Remove specific rows from CSV file in python

I am trying to remove rows with a specific ID within particular dates from a large CSV file.
The CSV file contains a column [3] with dates formatted like "1962-05-23" and a column with identifiers [2]: "ddd:011232700:mpeg21:a00191".
Within the following date range:
01-01-1951 to 12-31-1951
07-01-1962 to 12-31-1962
01-01 to 09-30-1963
7-01 to 07-31-1965
10-01 to 10-31-1965
04-01-1966 to 11-30-1966
01-01-1969 to 12-31-1969
01-01-1970 to 12-31-1989
I want to remove rows that contain the ID ddd:11*
I think I have to create a variable that contains both the date range and the ID. And look for these in every row, but I'm very new to python so I'm not sure what would be an eloquent way to do this.
This is what I have now. -CODE UPDATED
import csv
import collections
import sys
import re
from datetime import datetime
csv.field_size_limit(sys.maxsize)
dateranges = [("01-01-1951","12-31-1951"),("07-01-1962","12-31-1962")]
dateranges = list(map(lambda dr: tuple(map(lambda x: datetime.strptime(x,"%m-%d-%Y"),dr)),dateranges))
def datefilter(x):
x = datetime.strptime(x,"%Y-%m-%d")
for r in dateranges:
if r[0]<=x and r[1]>=x: return True
return False
writer = csv.writer(open('filtered.csv', 'wb'))
for row in csv.reader('my_file.csv', delimiter='\t'):
if datefilter(row[3]):
if not row[2].startswith("dd:111"):
writer.writerow(row)
else:
writer.writerow(row)
writer.close()
I'd recommend using pandas: it's great for filtering tables. Nice and readable.
import pandas as pd
# assumes the csv contains a header, and the 2 columns of interest are labeled "mydate" and "identifier"
# Note that "date" is a pandas keyword so not wise to use for column names
df = pd.read_csv(inputFilename, parse_dates=[2]) # assumes mydate column is the 3rd column (0-based)

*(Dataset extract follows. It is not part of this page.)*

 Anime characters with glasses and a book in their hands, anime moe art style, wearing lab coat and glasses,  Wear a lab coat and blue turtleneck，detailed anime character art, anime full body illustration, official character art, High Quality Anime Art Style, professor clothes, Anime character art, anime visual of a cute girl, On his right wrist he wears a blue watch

df = df[~df.identifier.str.contains('ddd:11')] # filters out all rows with 'ddd:11' in the 'identifier' column
# then filter out anything not inside the specified date ranges:
df = df[((pd.to_datetime("1951-01-01") <= df.mydate) & (df.mydate <= pd.to_datetime("1951-12-31"))) |
((pd.to_datetime("1962-07-01") <= df.mydate) & (df.mydate <= pd.to_datetime("1962-12-31")))]
df.to_csv(outputFilename)
See Pandas Boolean Indexing
Here is how I would approach that, but it may not be the best method.
from datetime import datetime
dateranges = [("01-01-1951","12-31-1951"),("07-01-1962","12-31-1962")]

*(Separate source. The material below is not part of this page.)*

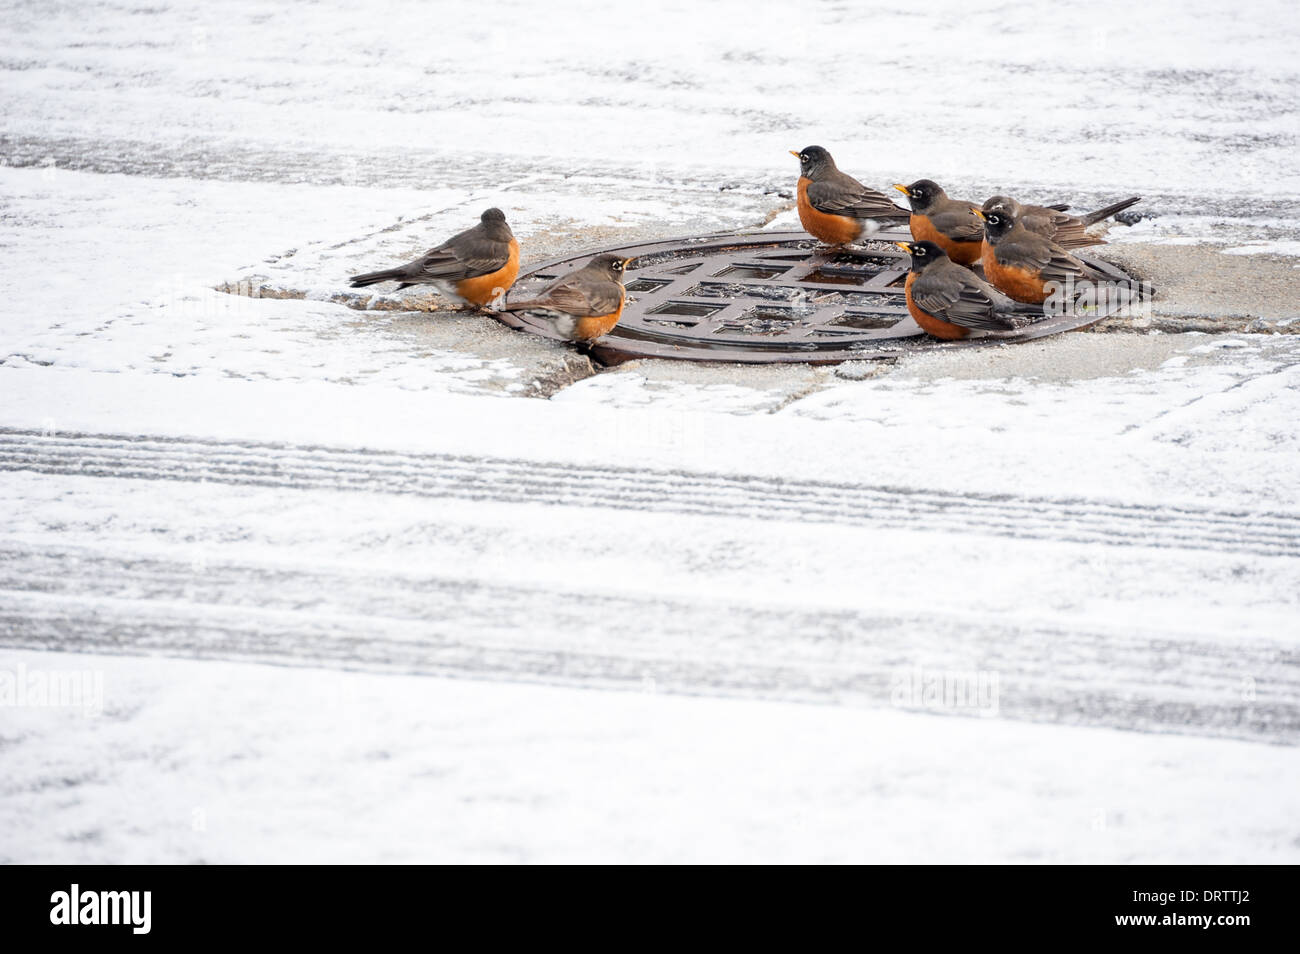 A community of robins gather around the 'watering hole' of a manhole cover on a snowy street in Metro Atlanta, Georgia. (USA) Stock Photo

dateranges = list(map(lambda dr: tuple(map(lambda x: datetime.strptime(x,"%m-%d-%Y"),dr)),dateranges))
def datefilter(x):
# The date format is different here to match the format of the csv
x = datetime.strptime(x,"%Y-%m-%d")
for r in dateranges:
if r[0]<=x and r[1]>=x: return True
return False
with open(main_file, "rb") as fp:
root = csv.reader(fp, delimiter='\t')
result = collections.defaultdict(list)
for row in root:
if datefilter(row[3]):
# use a regular expression or any other means to filter on id here
if row[2].startswith("dd:111"): #code to remove item
What I have done is create a list of tuples of your date ranges (for brevity, I only put 2 ranges in it), and then I convert those into datetime objects.
I have used maps for doing that in one line: first loop over all tuples in that list, applying a function which loops over all entries in that tuple and converts to a date time, using the tuple and list functions to get back to the original structure. Doing it the long way would look like:
dateranges2=[]
for dr in dateranges:
dateranges2.append((datetime.strptime(dr[0],"%m-%d-%Y"),datetime.strptime(dr[1],"%m-%d-%Y"))
dateranges = dateranges2
Notice that I just convert each item in the tuple into a datetime, and add the tuples to the new list, replacing the original (which I don't need anymore).
Next, I create a datefilter function which takes a datestring, converts it to a datetime, and then loops over all the ranges, checking if the value is in the range. If it is, we return True (indicating this item should be filtered), otherwise return False if we have checking all ranges with no match (indicating that we don't filter this item).
Now you can check out the id using any method that you want once the date has matched, and remove the item if desired. As your example is constant in the first few characters, we can just use the string startswith function to check the id. If it is more complex, we could use a regex.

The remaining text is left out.